# Replacing R15 Receiver with HD



## bonnieb (Mar 27, 2010)

I have an R15 DVR attached to an aging Toshiba. Want to upgrade this TV to an HD. This receiver is also used by another TV, via the 'out to TV' coax which goes to an additonal coax jack in the wall behind the set, which I assume is wired to the jack in the other room. If I get a new HD receiver, will I still be able to use this setup to connect it to the other TV?


----------



## mcbeevee (Sep 18, 2006)

The HD receivers do not have a coax output. If you want to keep feeding the second tv through coax, you would need an RF modulator. You can find them at many places like best buy, radio shack, wal-mart, etc.

Here is an $8 RF modulator from Amazon


----------



## carl6 (Nov 16, 2005)

Depending on the model of HD receiver/DVR you get, it may or may not have a composite video output (to feed a modulator with). If it does not, then you will also need a component video to composite video, or hdmi to composite video adapter (plus the modulator).

There is also an issue with the HD GUI (menu, list, guide, etc.) not rendering in SD from an HD receiver. So the remote TV will just get a big obnoxious message box on the screen anytime the menu, list or guide is called up on the HD receiver.
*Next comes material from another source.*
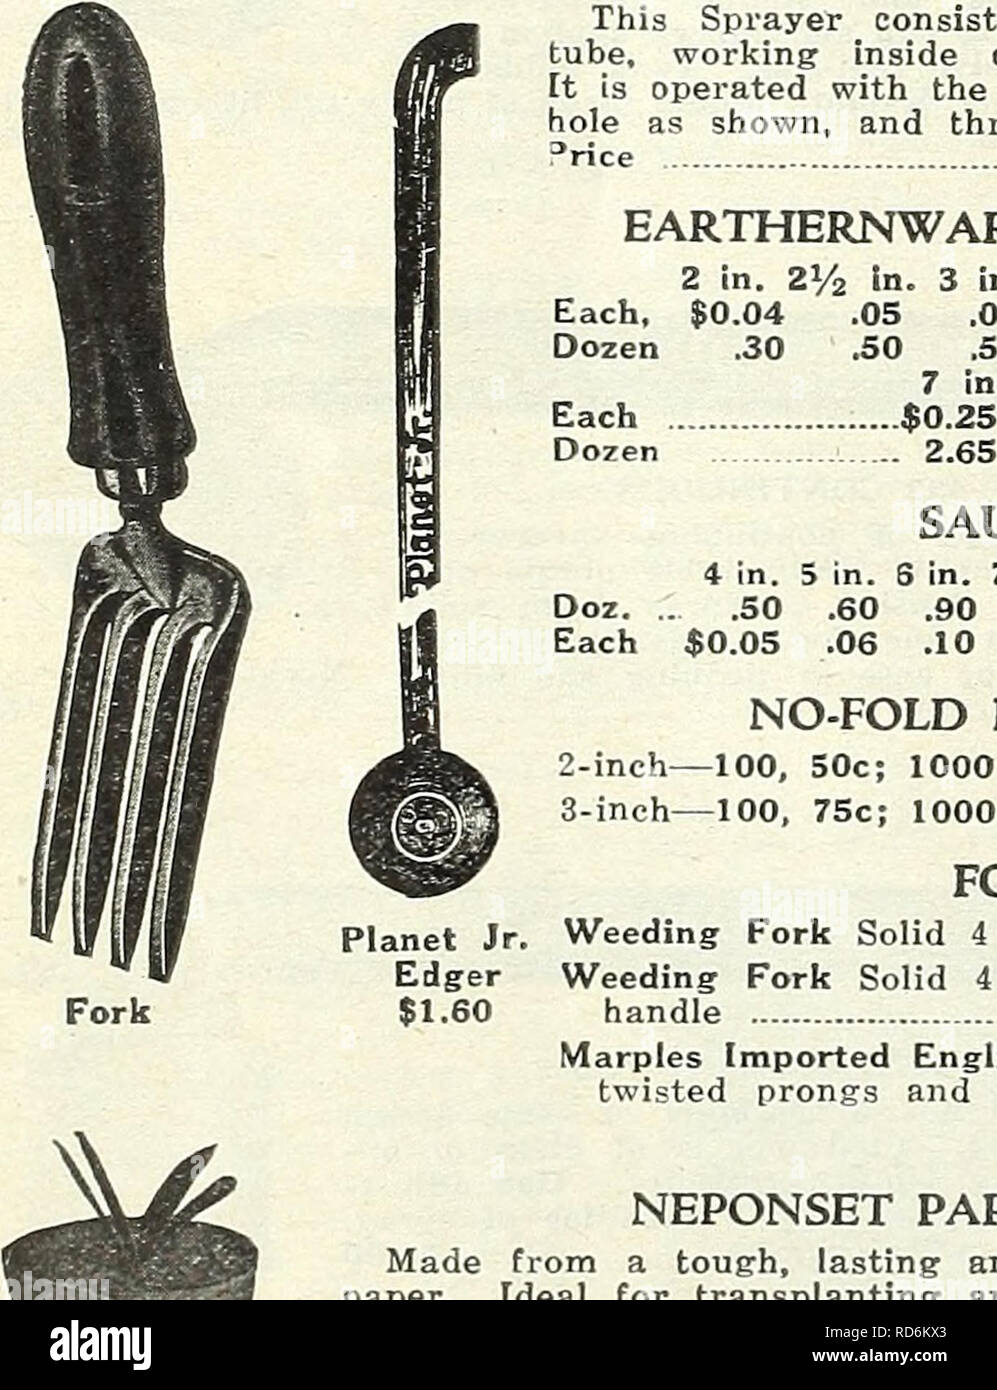 . Currie Bros. : fifty-eighth year 1933. Flowers Seeds Catalogs; Bulbs (Plants) Seeds Catalogs; Vegetables Seeds Catalogs; Nurseries (Horticulture) Catalogs; Plants, Ornamental Catalogs; Gardening Equipment and supplies Catalogs. This Sprayer consists of one seamless brass tube, working inside of an outer brass tube. It is operated with the finger, through the loop- hole as shown, and throws a fine, misty spray. &quot;rice $1.25 EARTHERNWARE FLOWER POTS 8 in. 9 In. 10 In. 3S .50 .70 3.50 5.50 7.50 SAUCERS S In. 7 In. S In. 9 in. 10 in. 12 In: .90 1.20 1.60 2.25 2.85 4.50 .15 .20 .25 .40 0 .12  Stock Photo

If you never try to control the receiver from the other room (only watch but don't use a remote), then it will probably still work for you. You can search these forums for more information on this issue, there are several lengthy threads about it.


----------



## bonnieb (Mar 27, 2010)

Might be an instance where it would be worthwhile to have DTV install, rather than self-install?


----------



## carl6 (Nov 16, 2005)

No, DirecTV won't install the SD feed to the second TV with or without modulator. That's outside the scope of their installations.

One other option to consider would be to add another receiver to your account for the other room. Of course, that's another $6 a month but if it is a much used TV it may be worth it. And, even though it is an SD tv, if you put an HD receiver there you could share in whole-home service at that location.


----------



## bonnieb (Mar 27, 2010)

Thanks for the help! Am thinking the additional receiver is the easiest answer and best if I am upgrading TV's anyway. Happy Sunday!!


----------



## otaliema (Aug 9, 2012)

A bit of clarity on the HD GUI, it will detect the composit cable connection and pop the your TV or Cables are not HD OSD constantly if the Video line is connected, just like the HDCP error on componate cabling. You can do what your asking just have to start out HD only connections at the receiver and run to converters from there. 
The simplest option is get a unit for the room, you can if want just relocate the R15 to the new room no addional hardware fees or install charges cause it's part of the HD upgrade. *monthly receiver fee applies*


----------